Menopause nutrition: what foods are good for menopause?
Let’s face it, not every part of aging sounds great, especially when you’re a woman and you start thinking about menopause. This is when estrogen and progesterone levels start to drop and hot flashes start to rise. In addition, this time can lead to other “unpleasant” symptoms, such as weight gain, increased appetite, mood swings, depression and cognitive decline.
Menopause is also associated with health challenges that must be taken seriously. High blood pressure, weight gain and increased risk of breast cancer, osteoporosis and heart disease are the result of decreased hormones. At this time, many women choose to seek hormone replacement therapy, although it is not a multipurpose treatment and not everyone can be cured. At the same time, many women have suggested other options to help them cope with this often physically and mentally exhausting time. In fact, playing a positive role in nutrition may be the easier answer to find.
Related: food helps lower cholesterol naturally.
Before and after menopause, there are many ways to adjust your diet to minimize the symptoms and effects of menopause. It’s the best way to get to know how to eat during menopause, so that when the time comes, you can clearly know how to eat the right foods and become one of your best mates, making yourself uncomfortable.
Carbohydrate snacks – many women experience mood swings during menopause, which may be linked to depressive episodes. As hormones fluctuate, so does brain chemistry, especially in the case of serotonin. As serotonin levels begin to drop, women tend to crave sweets and worry. When serotonin rises, cravings decrease and optimism returns. For those with low serotonin levels, it’s a carbohydrate rich snack that improves mood over time. It might be wise to plan fruits, popcorn, pretzels, graham crackers, and even whole wheat bread and peanut butter in advance. The initiative; Don’t wait for your cravings to set your own food choices – this will make you less likely to do these things and more likely to reduce your nutrition goals.
Calcium – it’s important that women get enough calcium early in life because they can’t start storing it until they’re 30. Postmenopausal and postmenopausal women are at greater risk of osteoporosis. In fact, one in two postmenopausal women consumes less than half the recommended amount of calcium to prevent bone loss and osteoporosis. For this reason, young women should be as aware as possible of the need for calcium in their diet. Calcium supplements before, after and after menopause can help slow bone loss, regardless of age. Foods high in calcium include milk, cheese, yogurt, leafy greens, almonds, and calcium-fortified foods.
Vitamin D – vitamin D is essential for the body to absorb calcium.

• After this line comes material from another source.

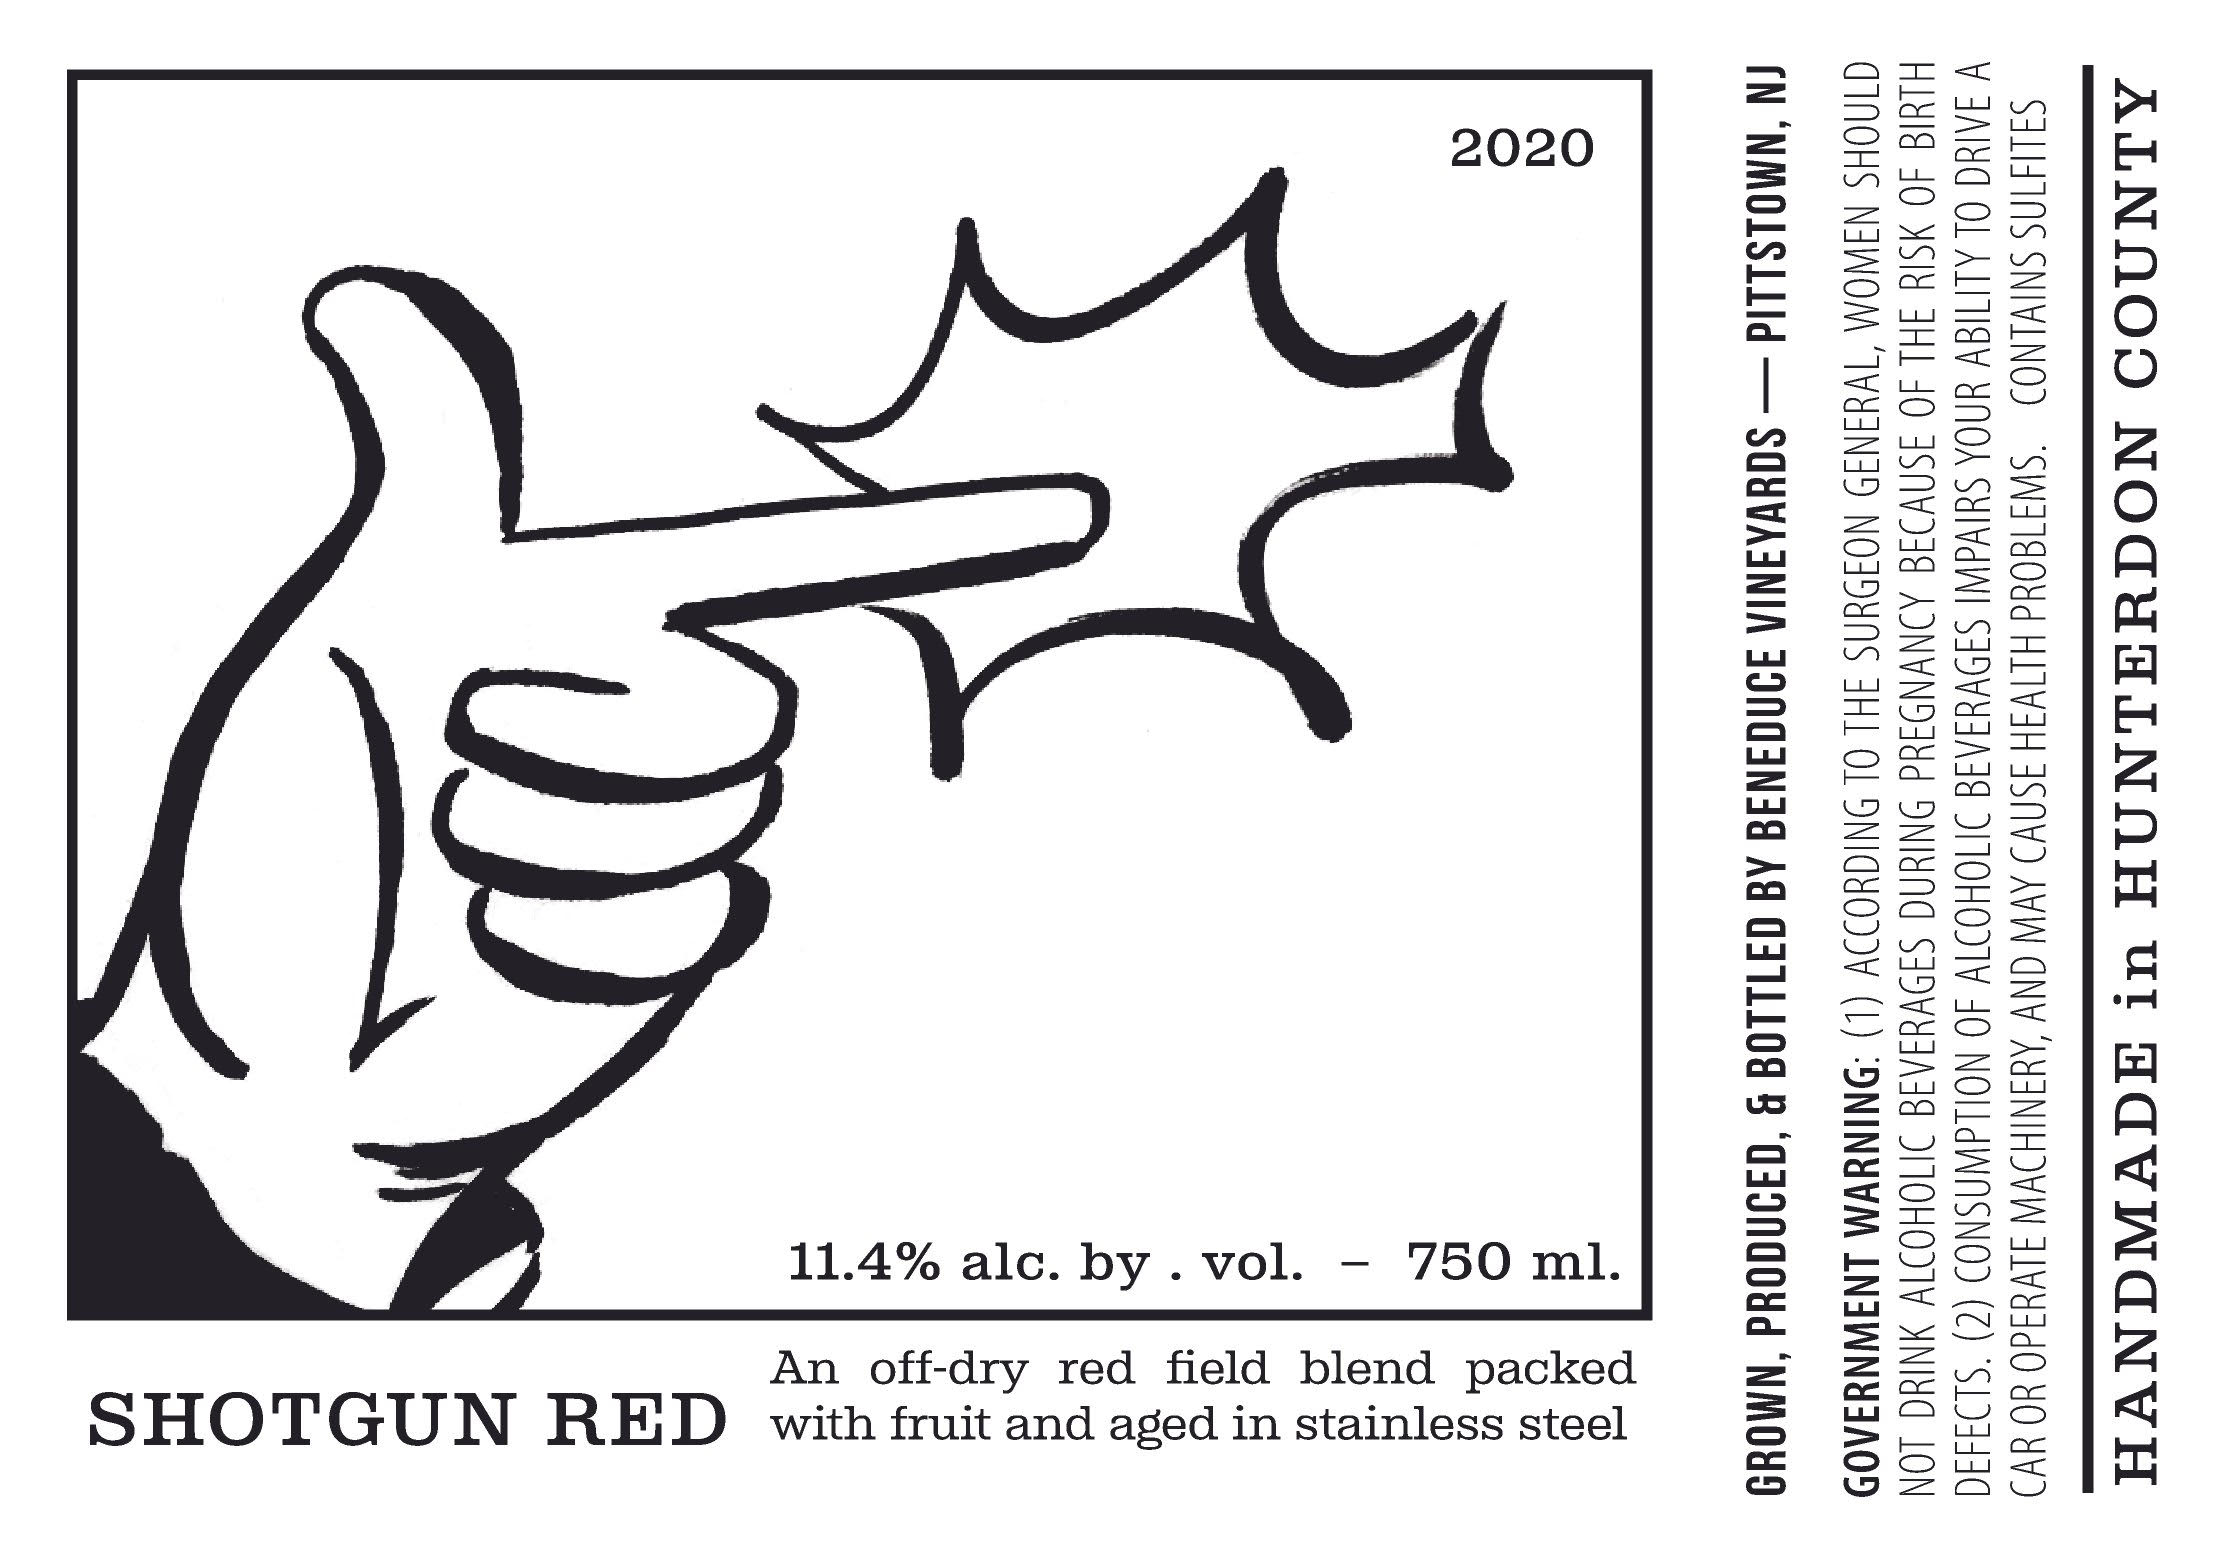 Product Image for 2020 Shotgun Red
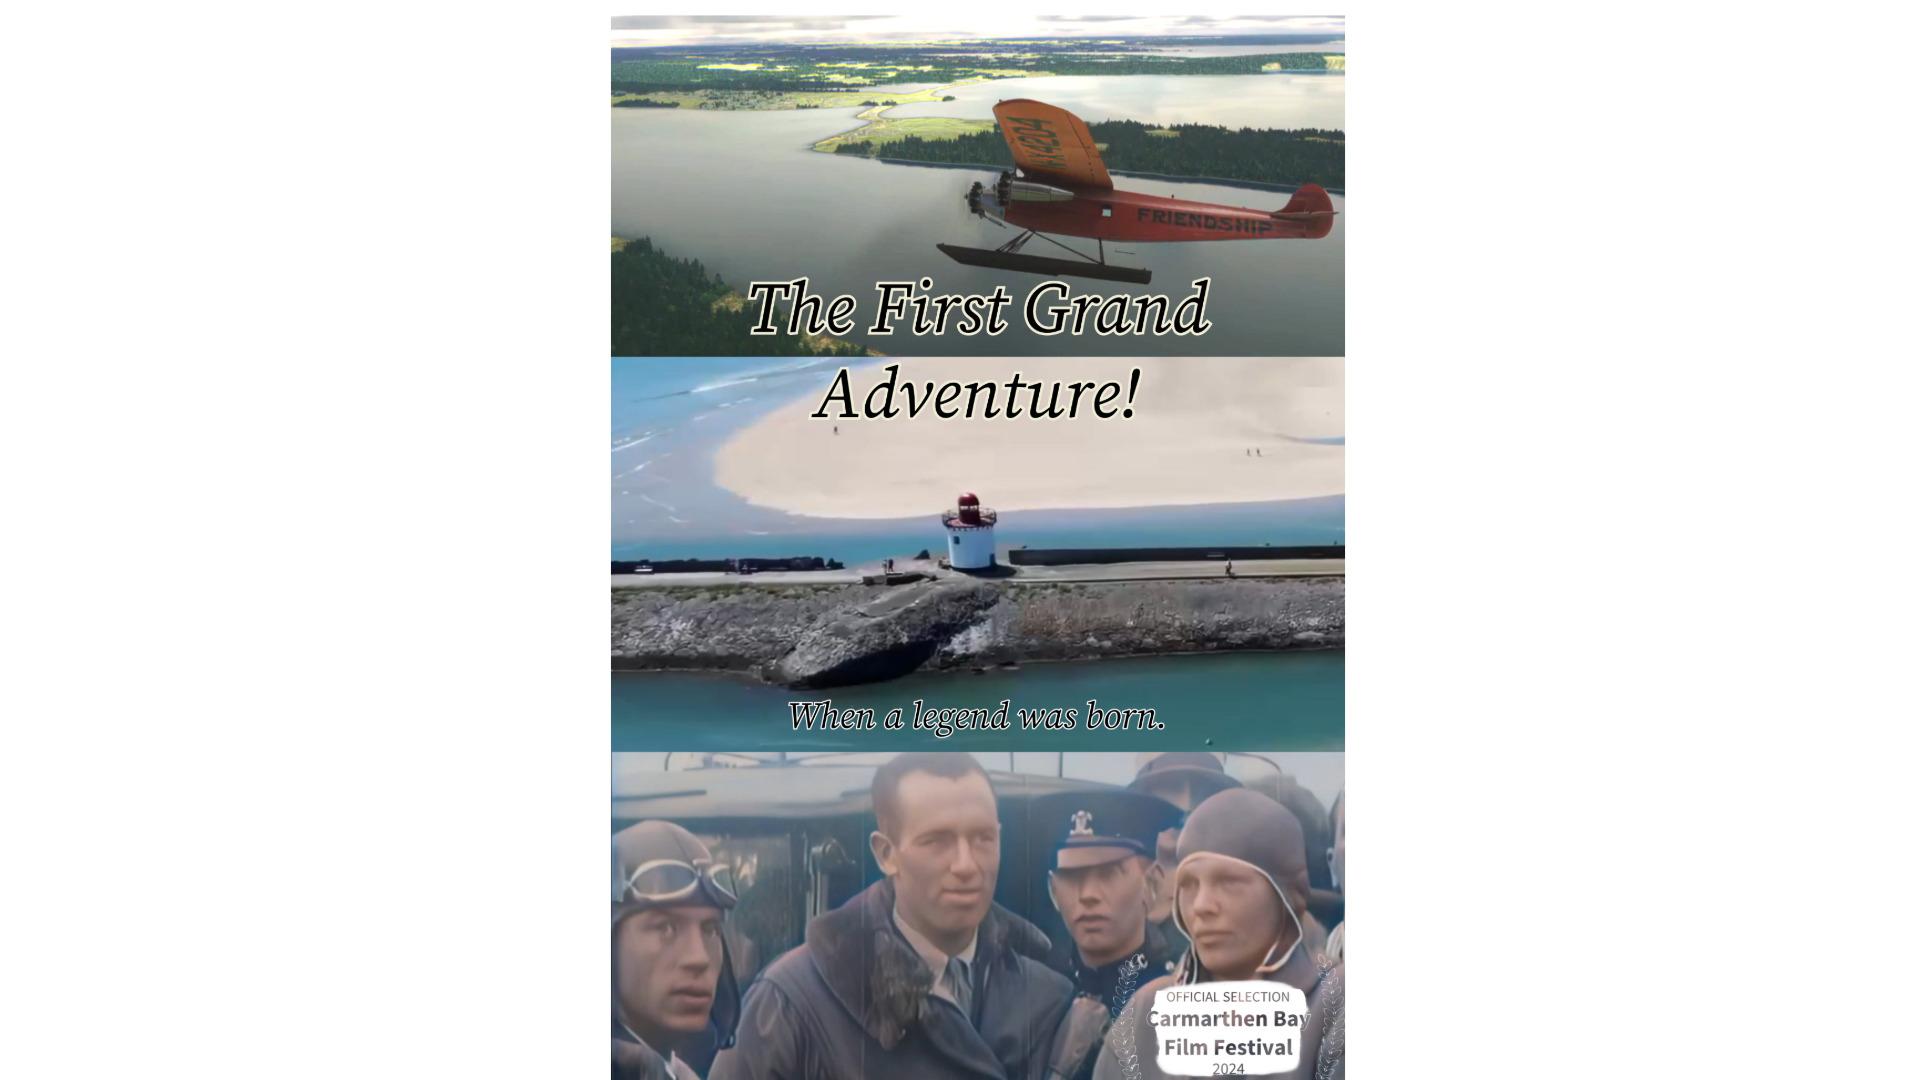 "The First Grand Adventure!"

In order to meet high calcium needs, the diet should contain vitamin d. vitamin D can also be found in fatty fish and fortified foods, but it can also meet the needs of the sun.
Almonds – this healthy snack is very useful during menopause. Healthy fats found in almonds may help counteract the effect of many women drying at low estrogen levels. They also contain minerals and vitamins, such as vitamin E complexes, manganese and copper, which contribute to heart health.
Protein-protein foods stabilize blood sugar, which helps feed hunger. This helps prevent unnecessary weight gain. Adding chicken, vegetable protein, nuts and fish is good for menopausal women.
B vitamins – for those who experience mood swings and lower energy levels, B vitamins have been found to provide energy and help reduce mood swings. Look at the B vitamins found in peas, eggs, dried fruit, or liver.
Moisturizing – by keeping hydrated, it can resist and reduce the common symptoms of abdominal distension and dry mouth during menopause. Although water has a knack, it was also recommended to add fruits and vegetables with high water content, such as watermelons or cucumbers, which were most beneficial at the time.
Brain foods – many women have a slow mental decline as they age, so they are certain to increase the amount of food they eat in the brain, which will help prevent declines in memory and cognitive health. Fatty fish, leafy greens and blueberries are foods that improve brain function.
Heart health – when estrogen levels drop after menopause, the risk of heart disease increases. In fact, this is the leading cause of death in postmenopausal women. Therefore, it is important to follow high fiber, healthy and whole foods to avoid the risk of heart disease. In this case, adding fruits and vegetables, whole grains and beans, low-fat dairy products and lean meat will provide heart-healthy options.
Eggs – eating eggs provides the body with important sources of vitamin D, iron and B vitamins. The perfect protein also stabilizes hunger and helps fight unwanted weight gain.
Iron-rich foods – women are at risk of anemia during menopause, so it’s important to add iron-rich foods such as red meat, beans and eggs. It is recommended that you eat at least three iron-rich foods every day.
Maintain a healthy weight – while not always easy, try to maintain a healthy weight during menopause. This may mean that you exercise more rigorously, do more during the day, and look at the ingredients and parts. Related: a 4-week low impact weight loss program – 40 minutes or less.
As you can see, there are many different dietary changes that can help reduce your menopause. By taking the time to plan ahead and adding these tasty foods to your daily intake, you can help make the menopause easier.